To discover AgentCore Evaluations intimately, watch the general public preview launch session from AWS re:Invent 2025 for a walkthrough with stay demos. Go to the Amazon Bedrock AgentCore samples repository on GitHub for hands-on tutorials. For technical particulars on configuration and API utilization, see the AgentCore Evaluations documentation. You can even overview service limits and pricing.
Concerning the authors
Akarsha Sehwag
Akarsha Sehwag is a WW Generative AI Information Scientist for Amazon Bedrock Agentcore GTM workforce.

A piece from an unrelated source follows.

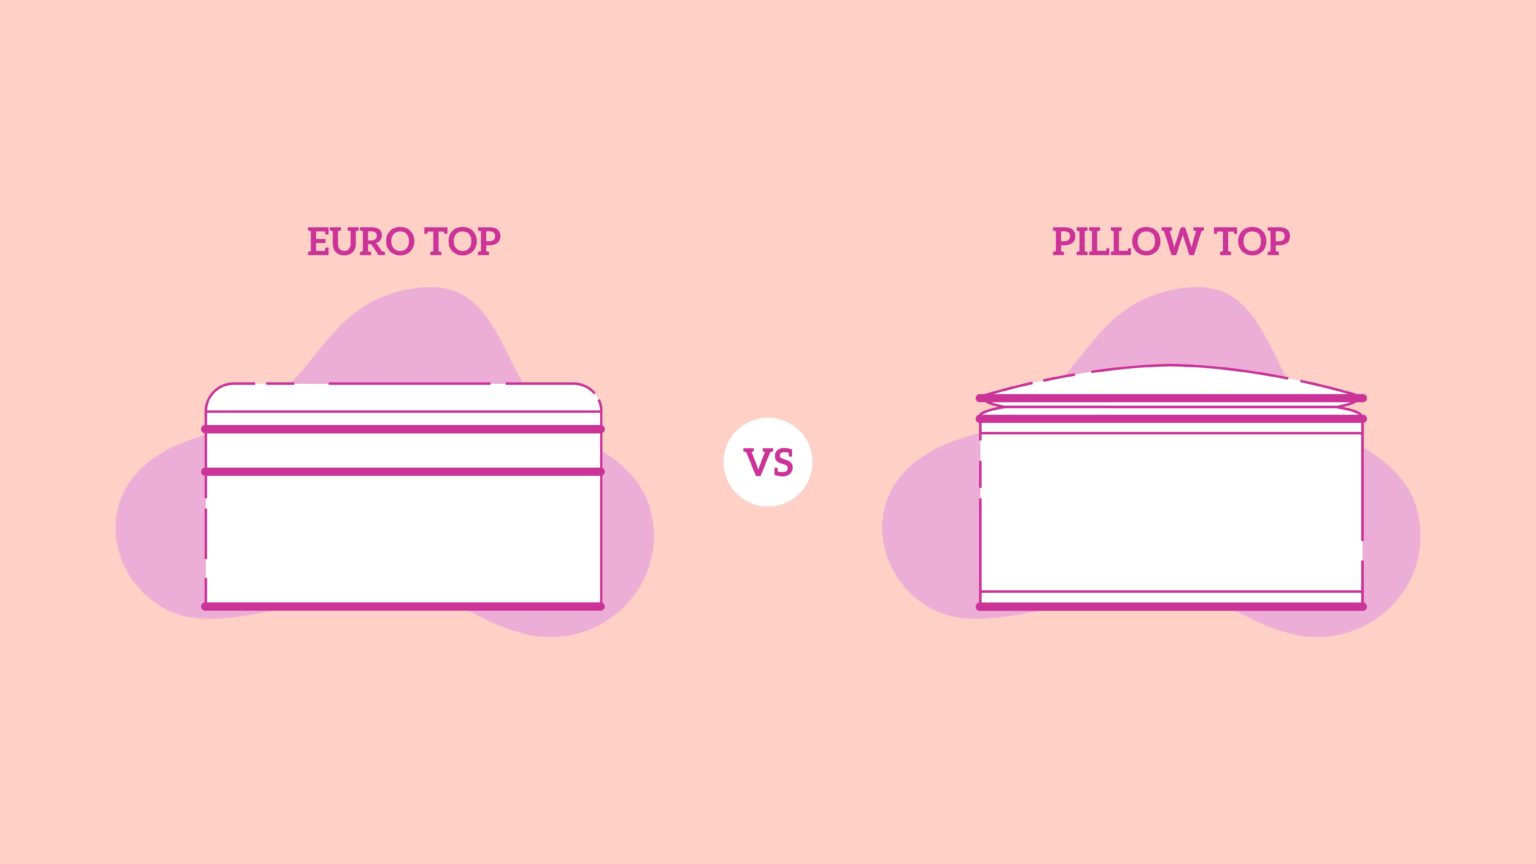 quilted top vs euro pillow top mattress

With over seven years of experience in AI/ML product growth, she has constructed enterprise options throughout numerous buyer segments. Exterior of labor, she enjoys studying one thing new, mentoring, talking at conferences or being outside in nature.
Ishan Singh
Ishan Singh is a Sr. Utilized Scientist at Amazon Net Companies, the place he helps prospects construct modern and accountable generative AI options and merchandise. With a powerful background in AI/ML, Ishan focuses on constructing Generative AI options that drive enterprise worth. Exterior of labor, he enjoys enjoying volleyball, exploring native bike trails, and spending time together with his spouse and canine, Beau.
Bharathi Srinivasan
Bharathi Srinivasan is a Generative AI Information Scientist at AWS. She is keen about Accountable AI to extend the reliability of AI brokers in actual world situations. Bharathi guides inside groups and AWS prospects on their accountable AI journey. She has offered her work at numerous machine studying conferences.
Jack Gordley
Jack Gordley contributed to AgentCore Evaluations and centered on delivering merchandise that assist corporations monitor and deploy production-ready brokers at scale.
Samaneh Aminikhanghahi
Samaneh Aminikhanghahi is an Utilized Scientist on the AWS Generative AI Innovation Heart, the place she works with prospects throughout completely different verticals to speed up their adoption of generative AI. She focuses on agentic AI frameworks, constructing sturdy analysis methods, and implementing accountable AI practices that drive sustainable enterprise outcomes
Osman Santos
Osman Santos is a Sr. Deep Studying Architect within the Generative AI Innovation Heart at AWS, the place he helps enterprise prospects design, construct, and scale generative and agentic AI options. He focuses on Agentic AI, from particular person use circumstances to enterprise-wide platform enablement. Exterior of labor, Osman enjoys spending time together with his household, enjoying board video games, and catching up with the newest anime and sci-fi content material.